● WORK INSTRUCTIONS
Without the pictures, write the listing out again exactly as it appears.
*** PROVIDED MATERIAL ***
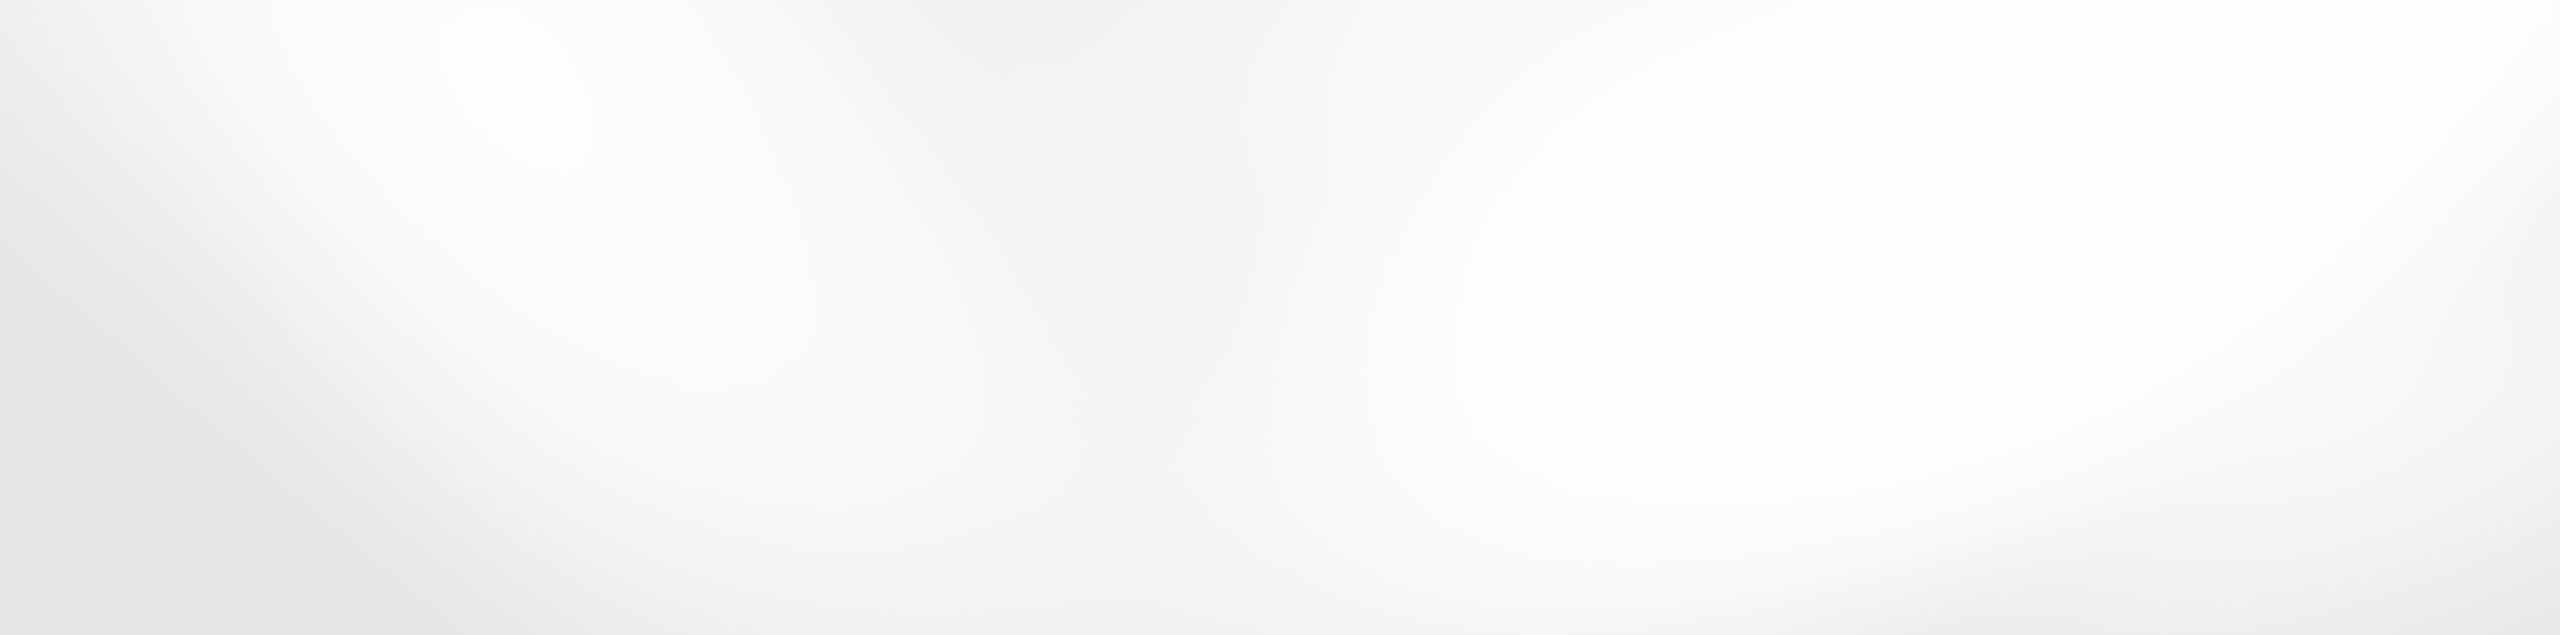 White fade background slider
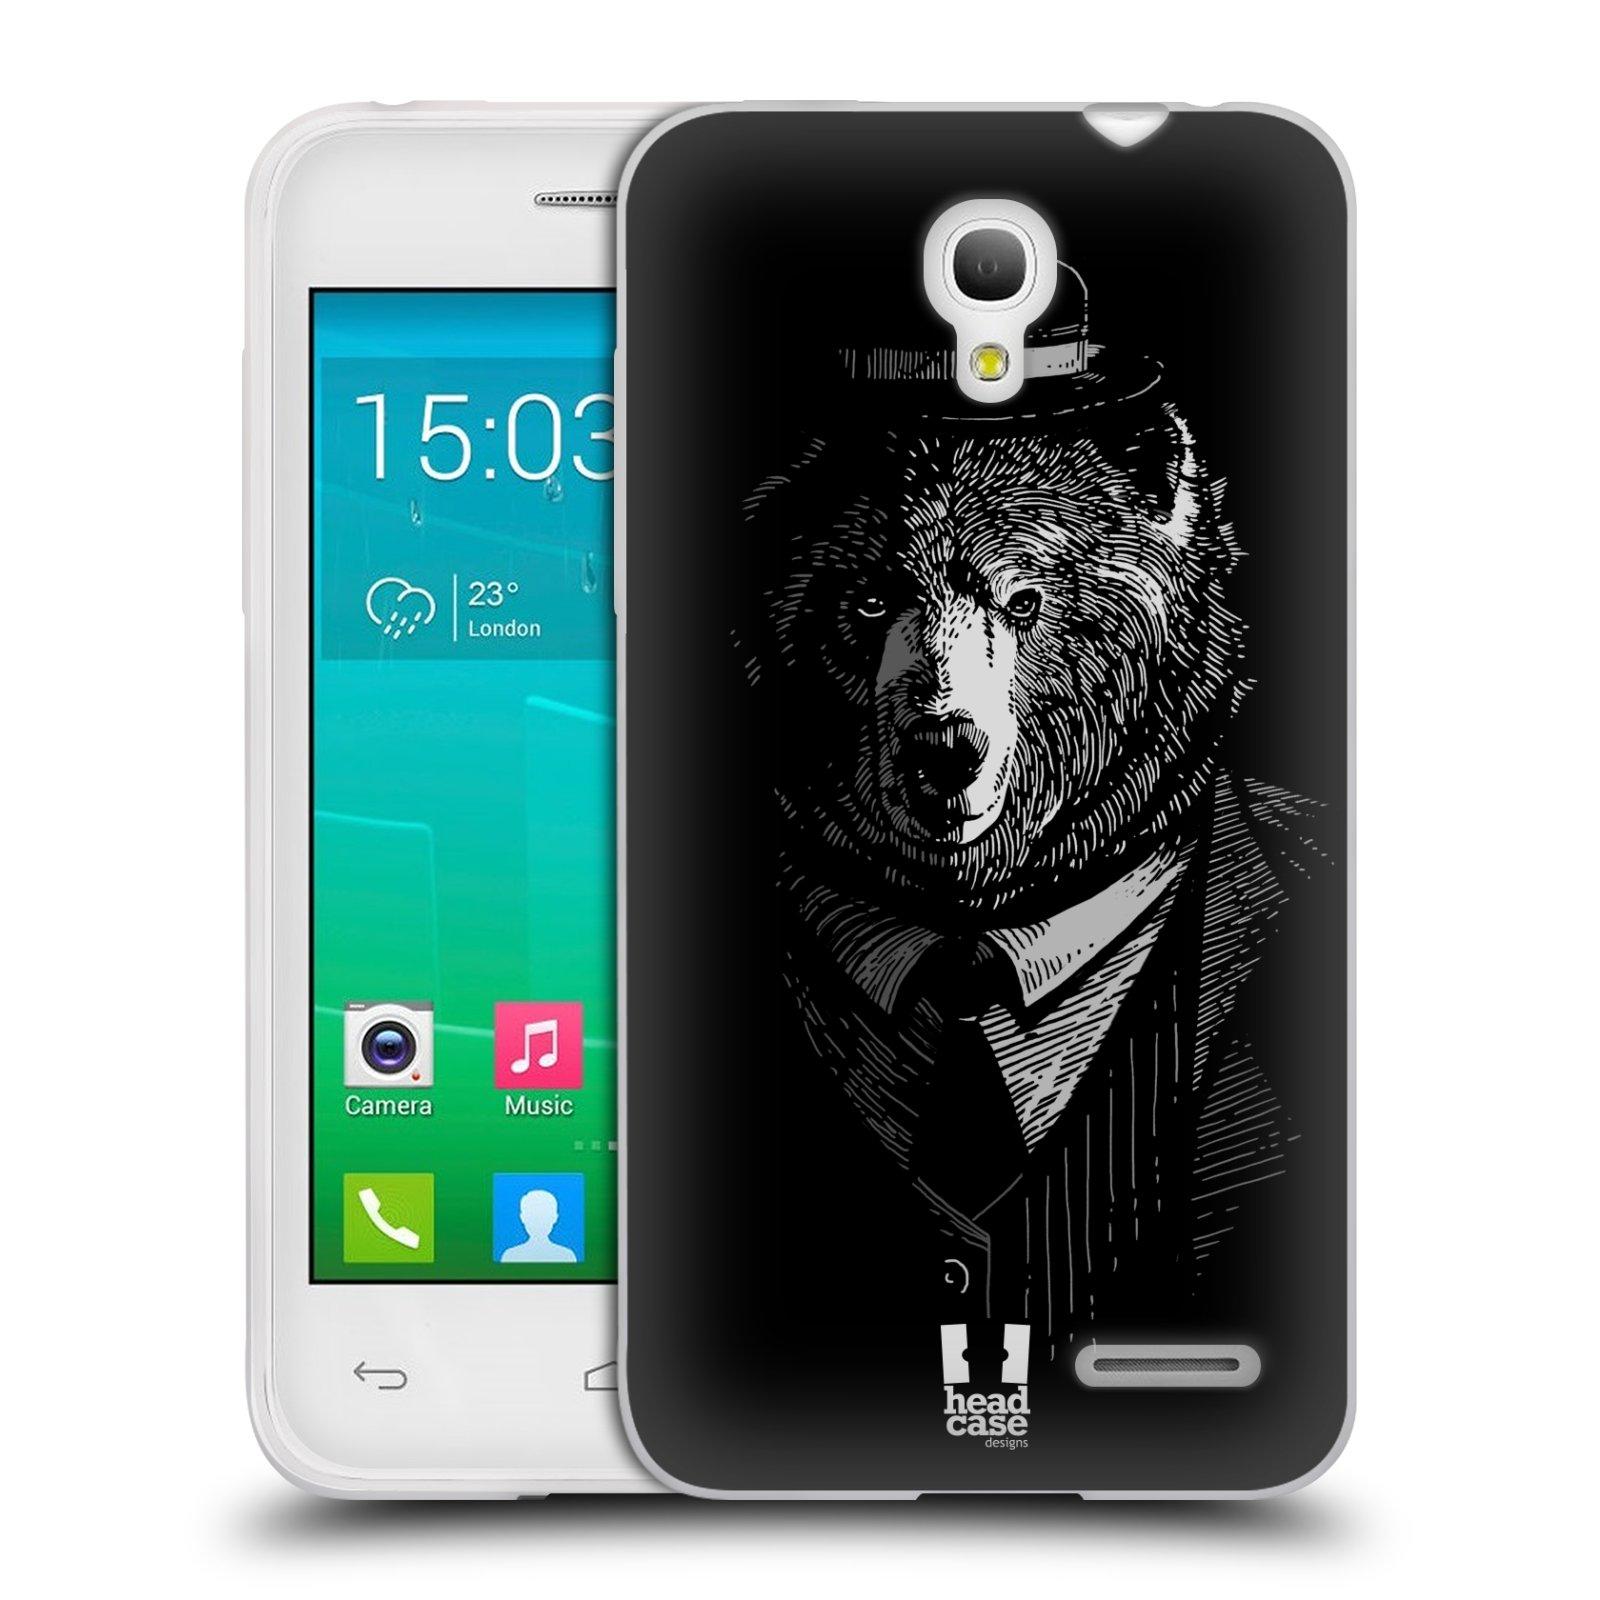 HEAD CASE silikonový obal na mobil Alcatel POP S3 OT-5050Y vzor Zvíře v obleku medvěd
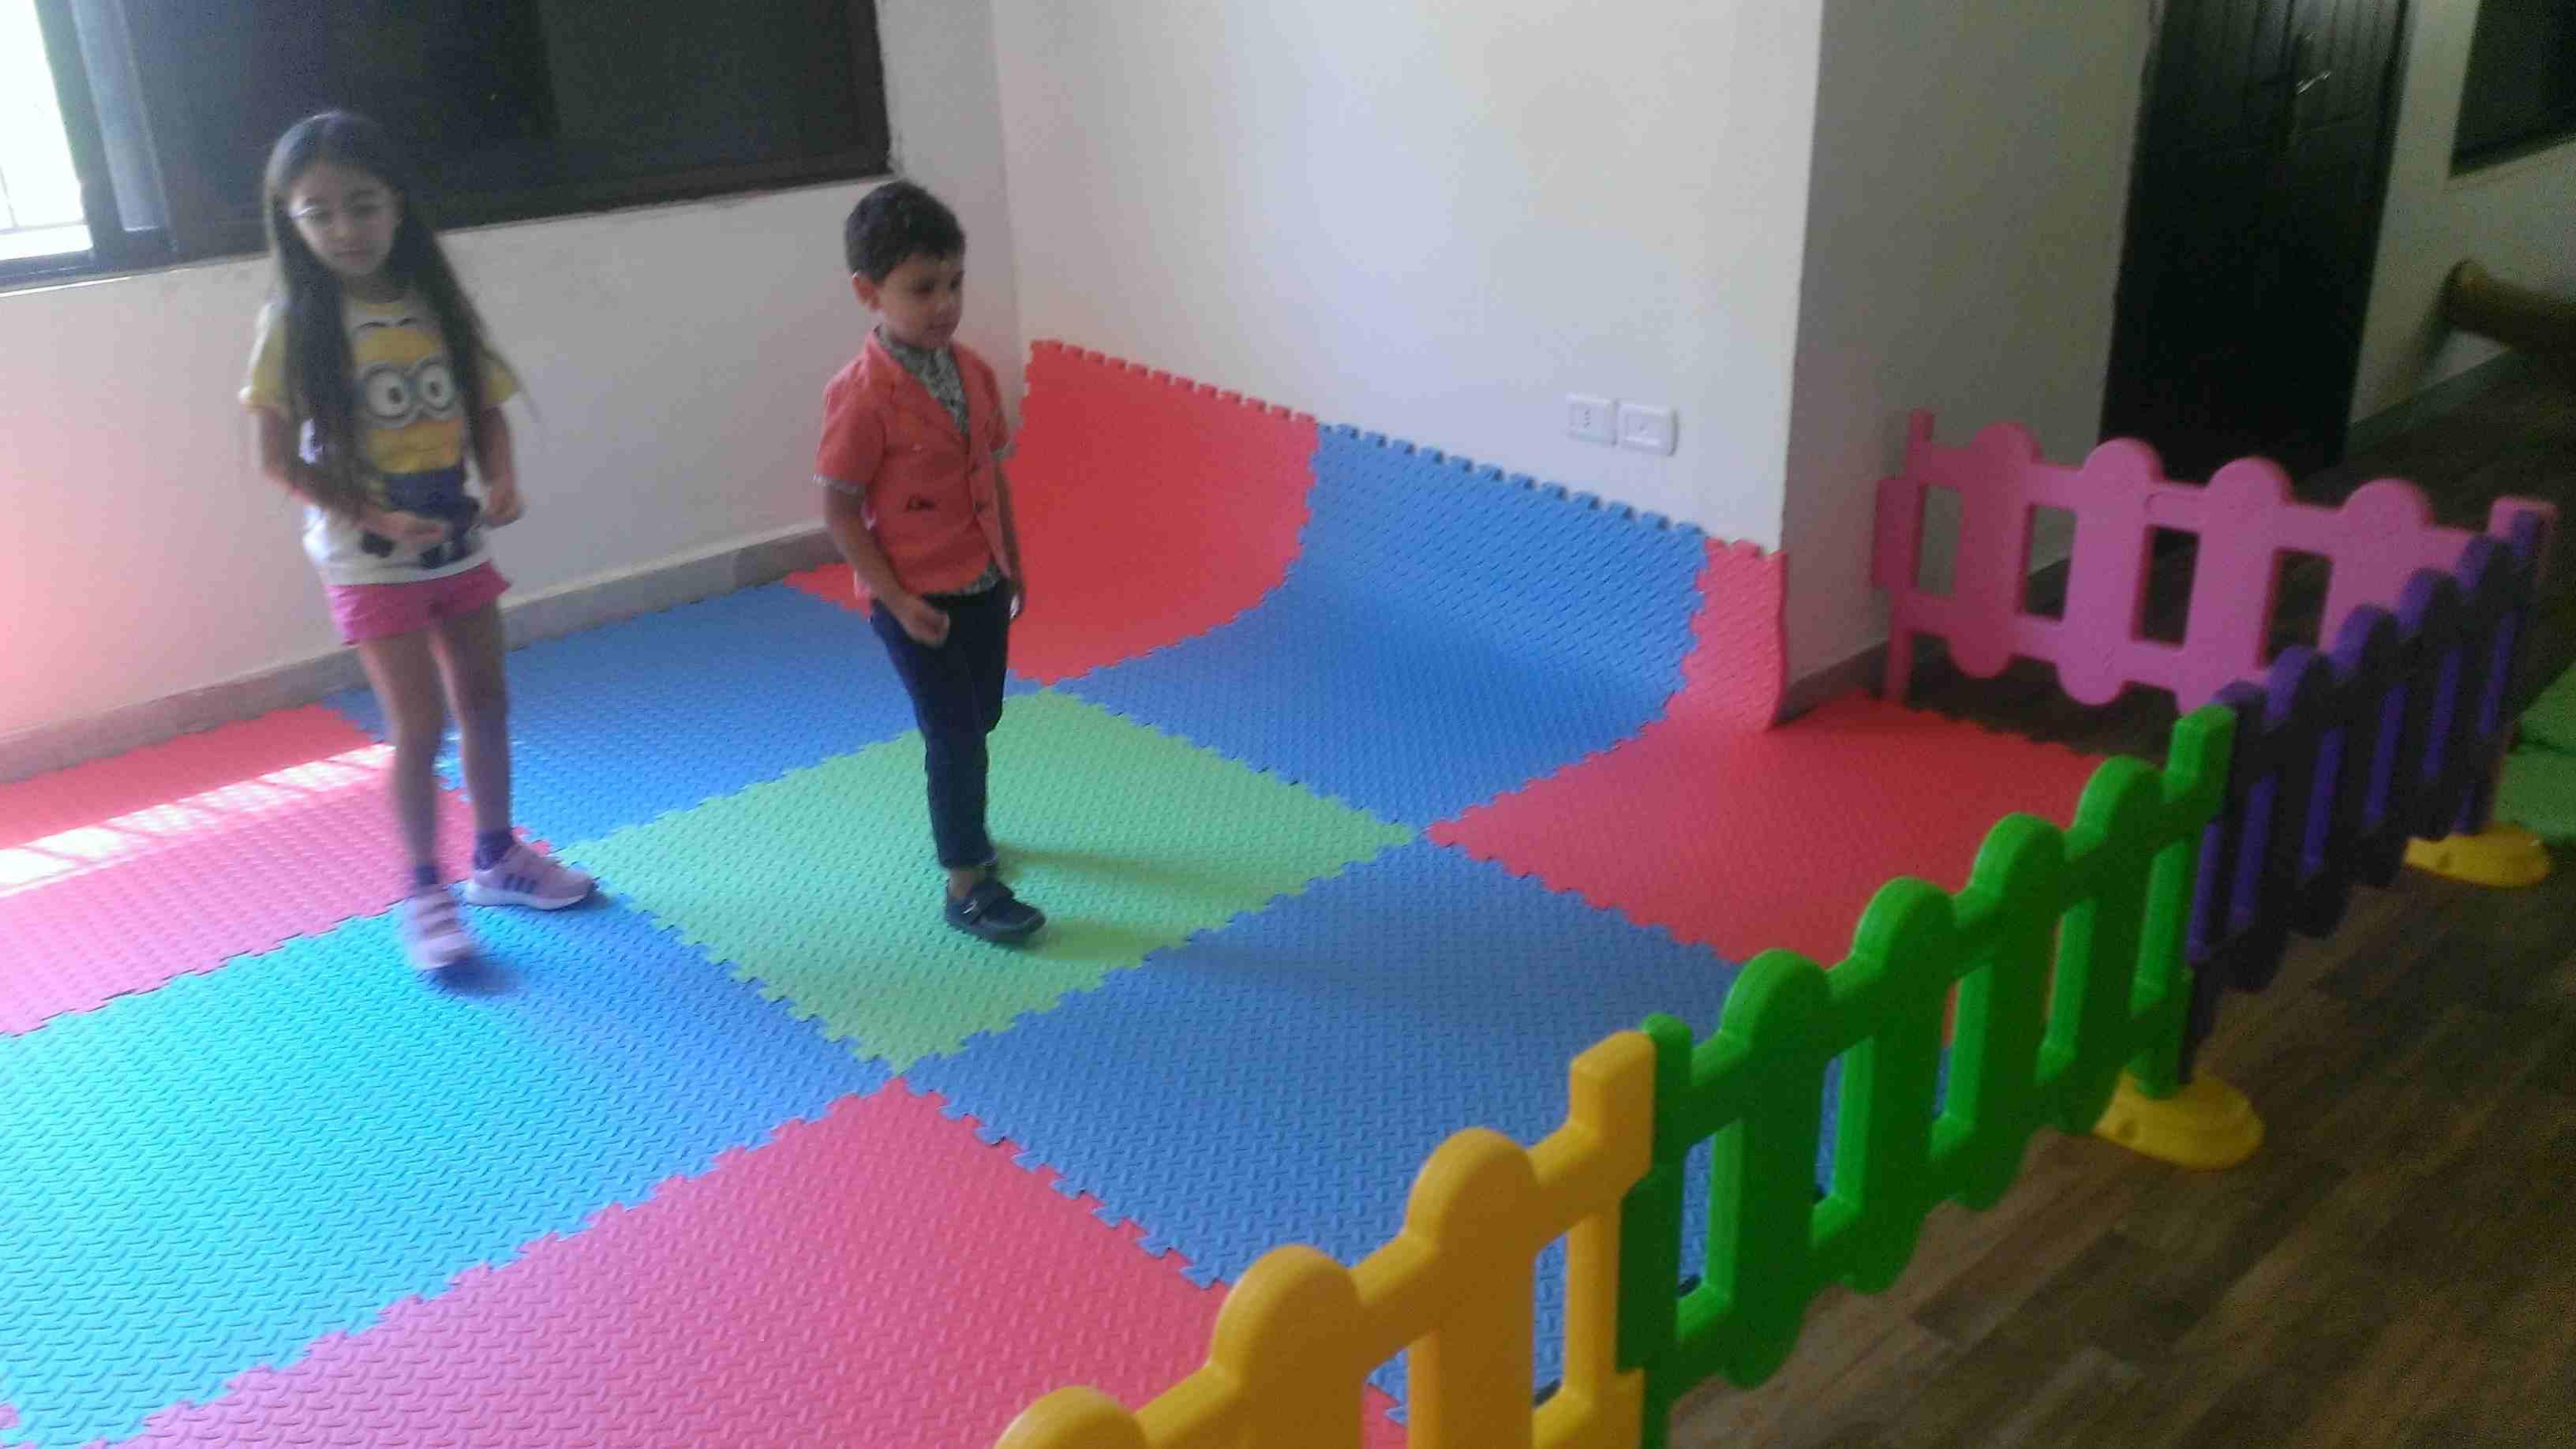 Toys for kids-  حواجز وقواطع بلاستيكية...
*** End of PROVIDED MATERIAL ***
● ANSWER FOR THE TASK
 White fade background slider
 HEAD CASE silikonový obal na mobil Alcatel POP S3 OT-5050Y vzor Zvíře v obleku medvěd
 Toys for kids-  حواجز وقواطع بلاستيكية...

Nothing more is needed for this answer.